BTW: I'm sure there's still lot to do regarding Zen2 on X570 and later, but I think if you perfect Zen2 on X570, it'll work perfectly fine, maybe with some slight mods for 4th Gen. Just saying it may be worth the while. Although I'm perfectly happy, just saying doubt AMD will change anything drastically for 4th Gen, if you keep up reading on 3rd Gen, you'll probably have 4th Gen working perfectly. AMD seems to have set a path. I assume any 4000 CPU to just slide into my X570 socket and work. If not, AMD has not kept its promise, and with 3rd Gen it really seems they mean business. If you think 4th Gen will give you more core insight, fine. I'm happy. But kind of assume 4th Gen will be an incremental update to 3rd Gen using more or less same chipset, just more cores etc. Do you think they'll go say PCIe5? It's out as a standard, but nobody needs it - nobody use PCIe4 to its max at all yet. IDK just feels it'll be yet another "hush hush, surprisingly bash Intel on price vs performance with all manufacturers on board" (kind of incredible how AMD pulled of 3rd Gen without any leaks basically, and having MBs from ALL major manufacturers already lined up and ready to ship at launch just days later).

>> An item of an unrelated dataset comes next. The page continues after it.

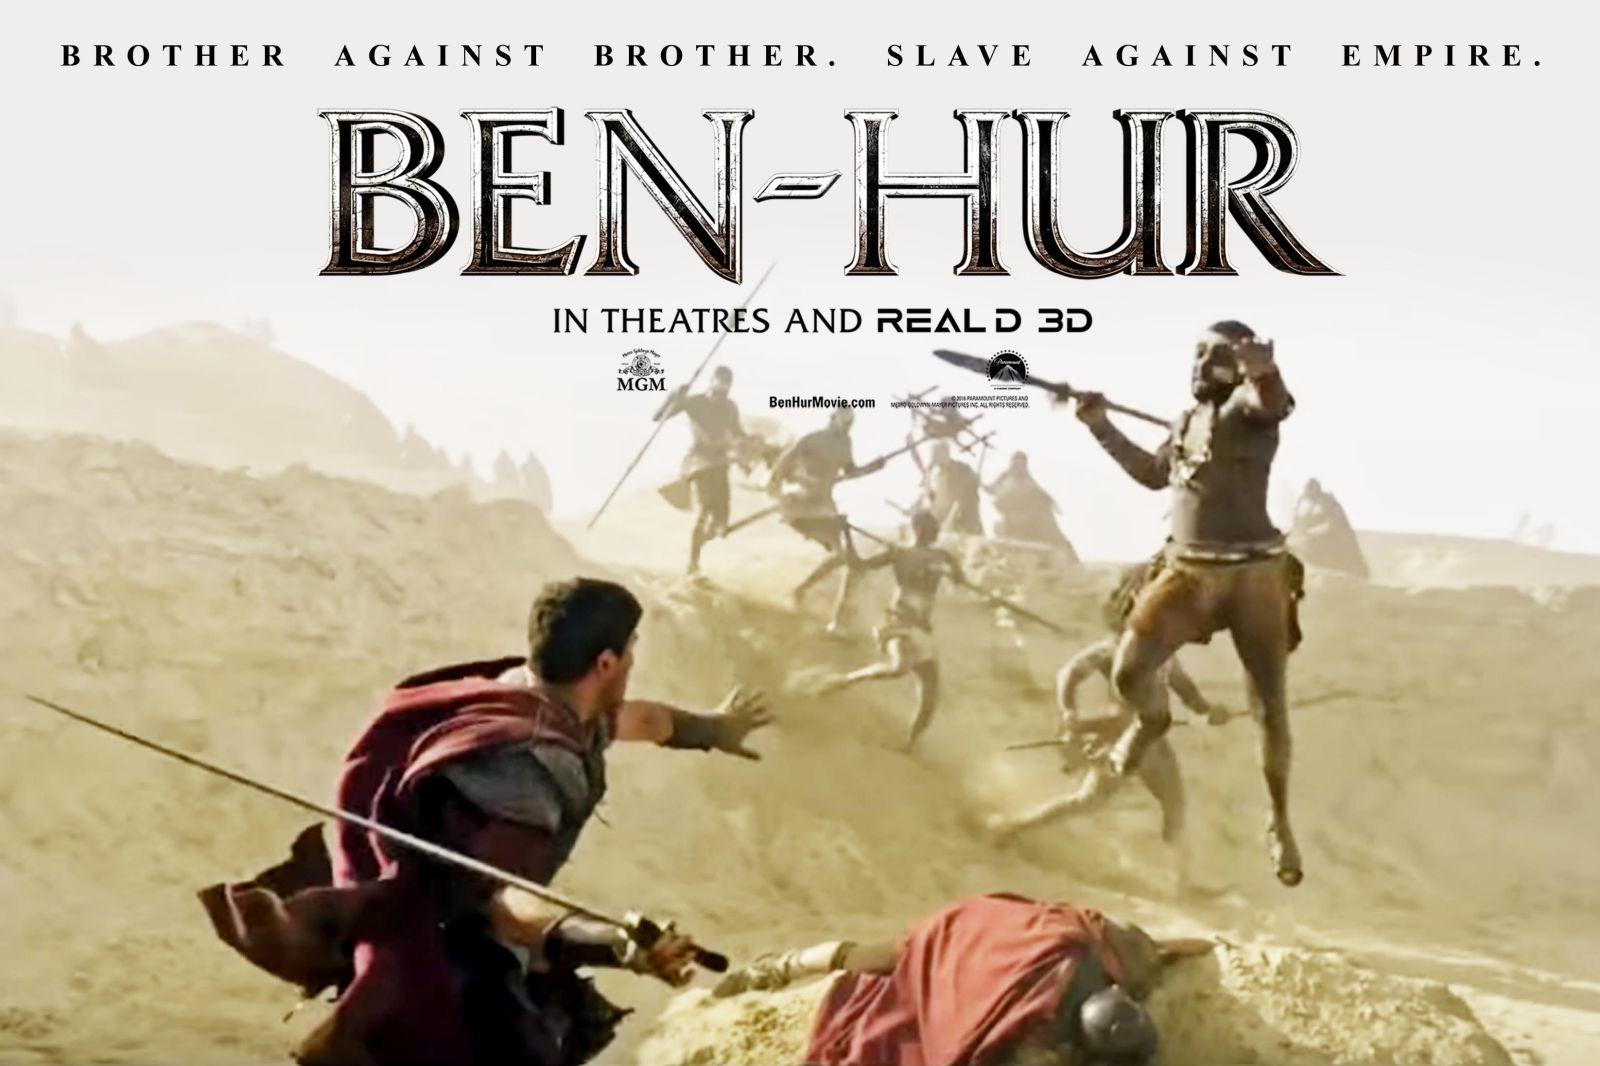 ben hur 2016 full movie in hindi free download
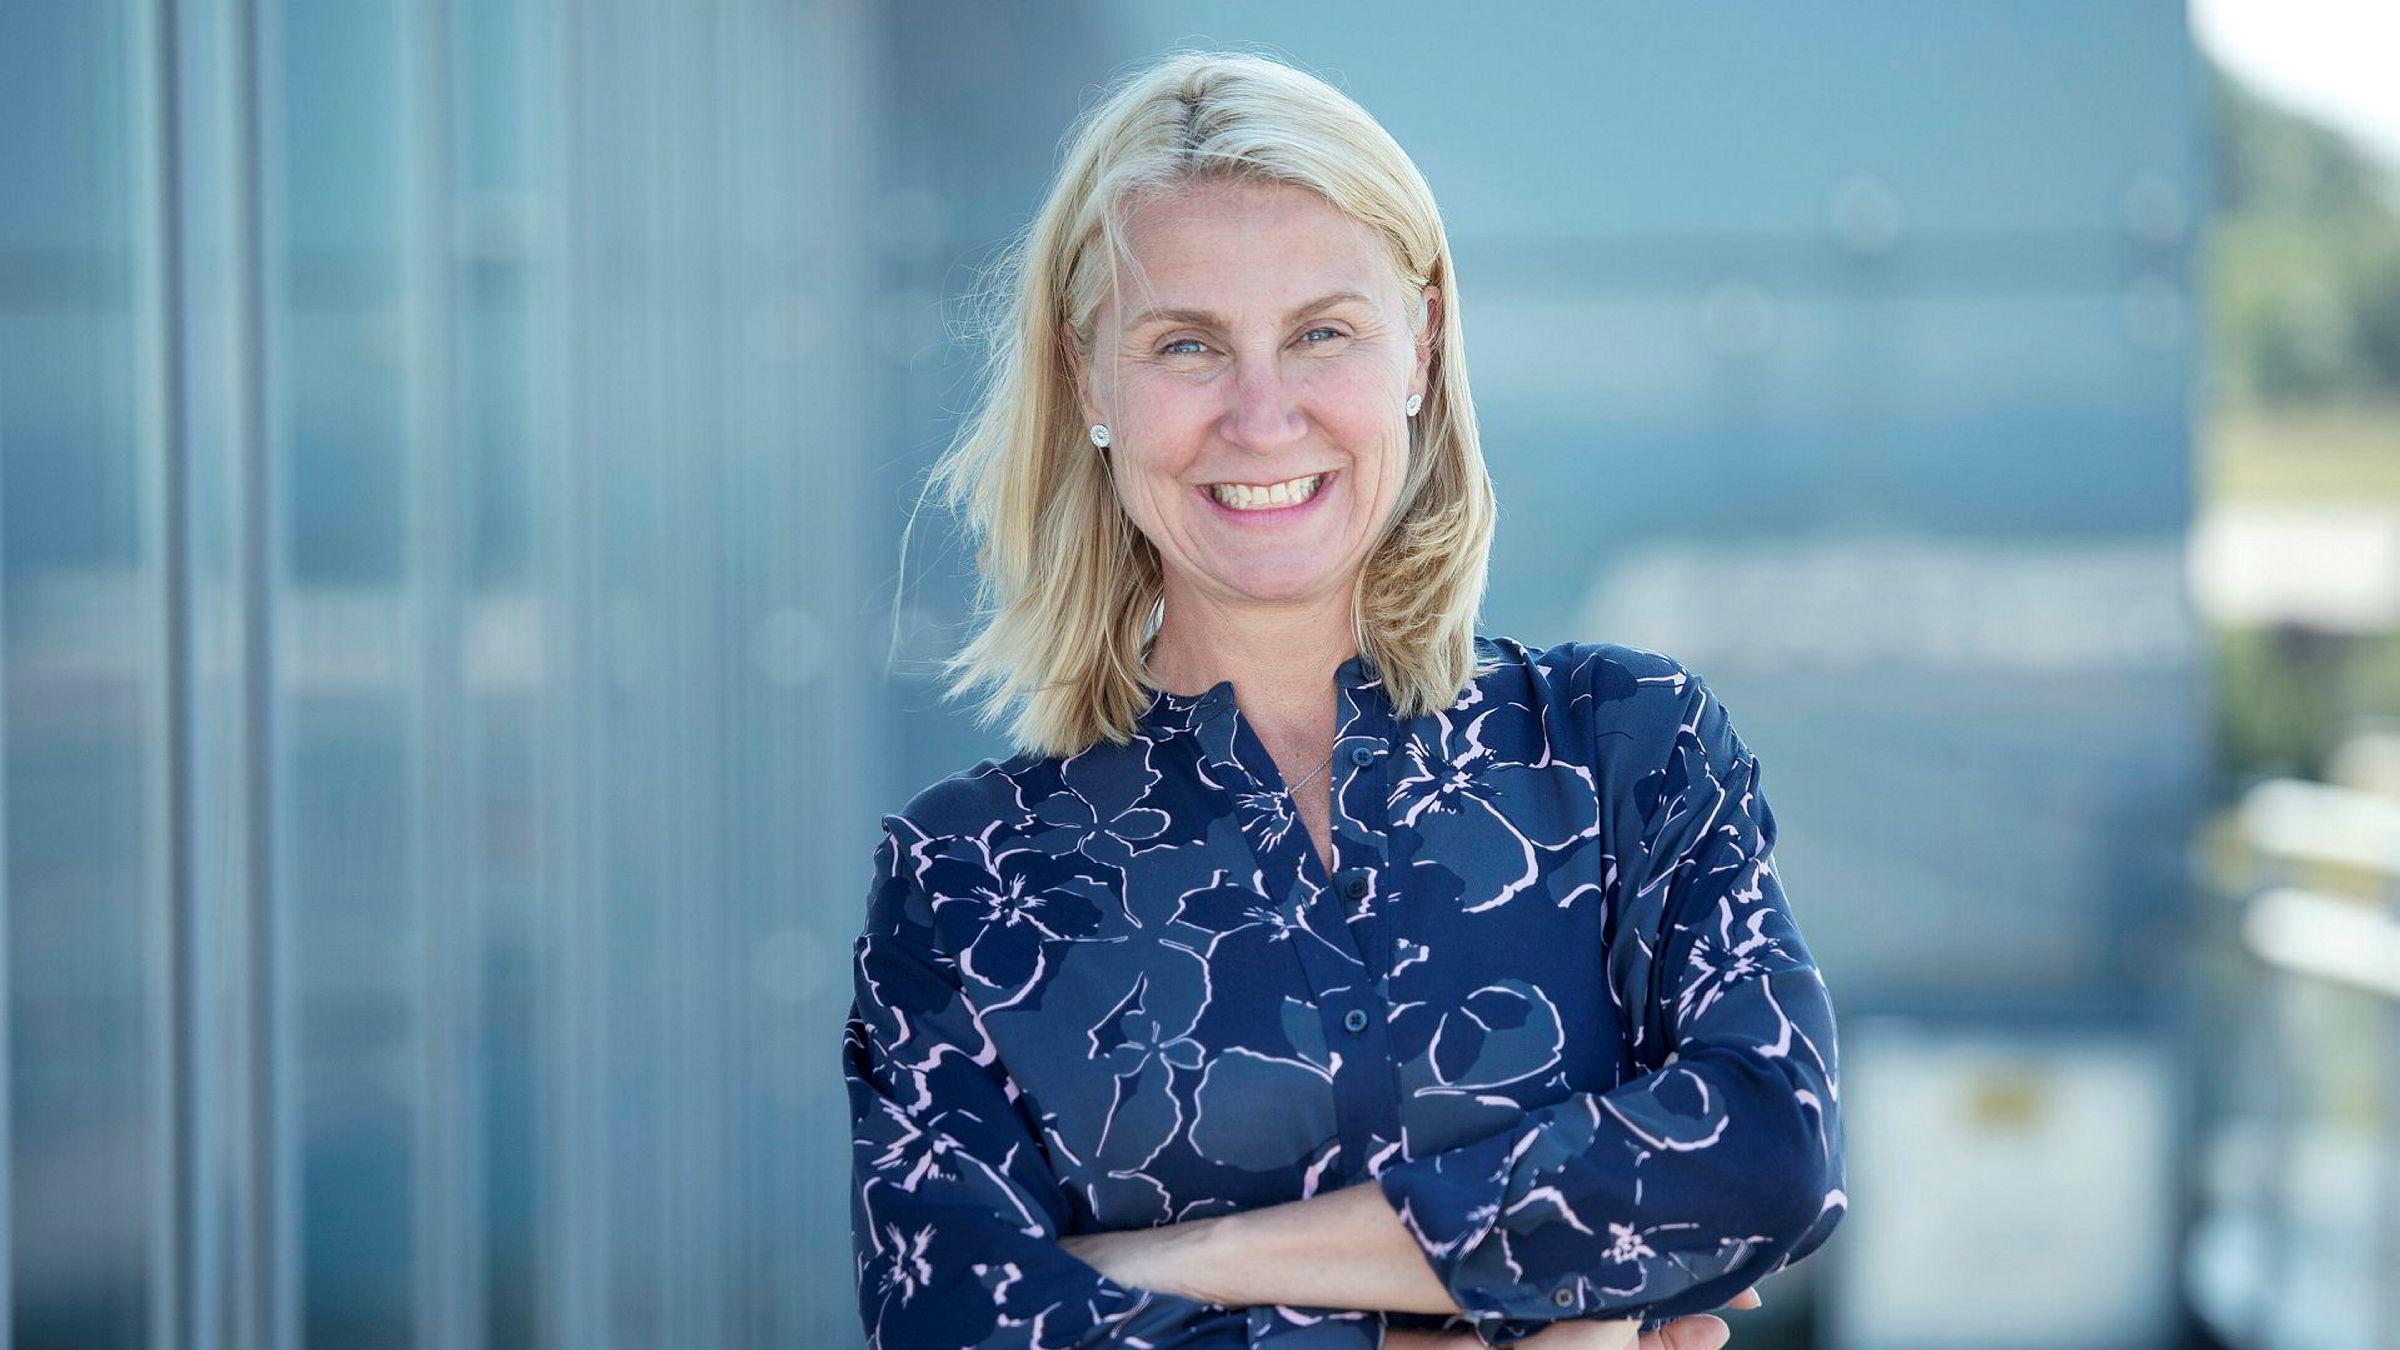 Kristin F. Kragseth leder nå Norges nest største oljeselskap - Vår Energi.

cyring · 2019-10-28T14:44:55Z

TDP

Formula

PU = 2 << ( ( <val1> & 0x0f ) - 1 )

TDP = ( ( <val2> & 0x7fff ) / PU )

Where PU is an unsigned integer (default value is 0011b, indicating power unit is in 1/8 Watts increment). <val1> is the value of CPU MSR 0x606 and <val2> of MSR 0x614

Skylake i7-6700

Read the Power Unit and the Power Info

# rdmsr -acx 0x606
0xa0e03
0xa0e03
0xa0e03
0xa0e03
0xa0e03
0xa0e03
0xa0e03
0xa0e03

# rdmsr -acx 0x614
0x208
0x208
0x208
0x208
0x208
0x208
0x208
0x208

PU = 2 << ( ( 0xa0e03 & 0x0f ) - 1 )
PU = 2 << 2
PU = 8

TDP = ( ( 0x208 & 0x7fff ) / 8 )
TDP = 0x208 / 8
TDP = 65

TDP of Skylake i7-6700 = 65 Watts

SandyBridge i7-2710QE

# rdmsr -acx 0x606
0xa1003
0xa1003
0xa1003
0xa1003
0xa1003
0xa1003
0xa1003
0xa1003

# rdmsr -acx 0x614
0x10024001200168
0x10024001200168
0x10024001200168
0x10024001200168
0x10024001200168
0x10024001200168
0x10024001200168
0x10024001200168

PU = 2 << ( ( <val1> & 0x0f ) - 1 ) = 2 << ( ( 0xa1003 & 0x0f ) - 1 ) = 8

TDP = ( ( <val2> & 0x7fff ) / PU ) = ( ( 0x10024001200168 & 0x7fff ) / 8 )
TDP = 45

TDP of SandyBridge i7-2710QE = 45 Watts

Next steps

So far the Power Unit MSR is available for Intel and AMD Zen but the Power Info MSR is only found on Intel

cyring · 2019-11-06T09:20:53Z

Here are the results of the last feature to get the TDP (Intel only)
Please post yours !

olejon · 2019-11-07T04:26:31Z

That's cool! My NUC shows 15 TDP, although a full stress test gives 6+ Watts. Haven't checked specs for the CPU but 99 % sure it's 15 Watts (or in that area).

EDIT: Need a screenshot for that?

Just gone through the hassle of BIOS update, latest Windows Insider Update, Radeon Update (really just GPU, no chipset), reset BIOS and adjusted all settings again in case new settings.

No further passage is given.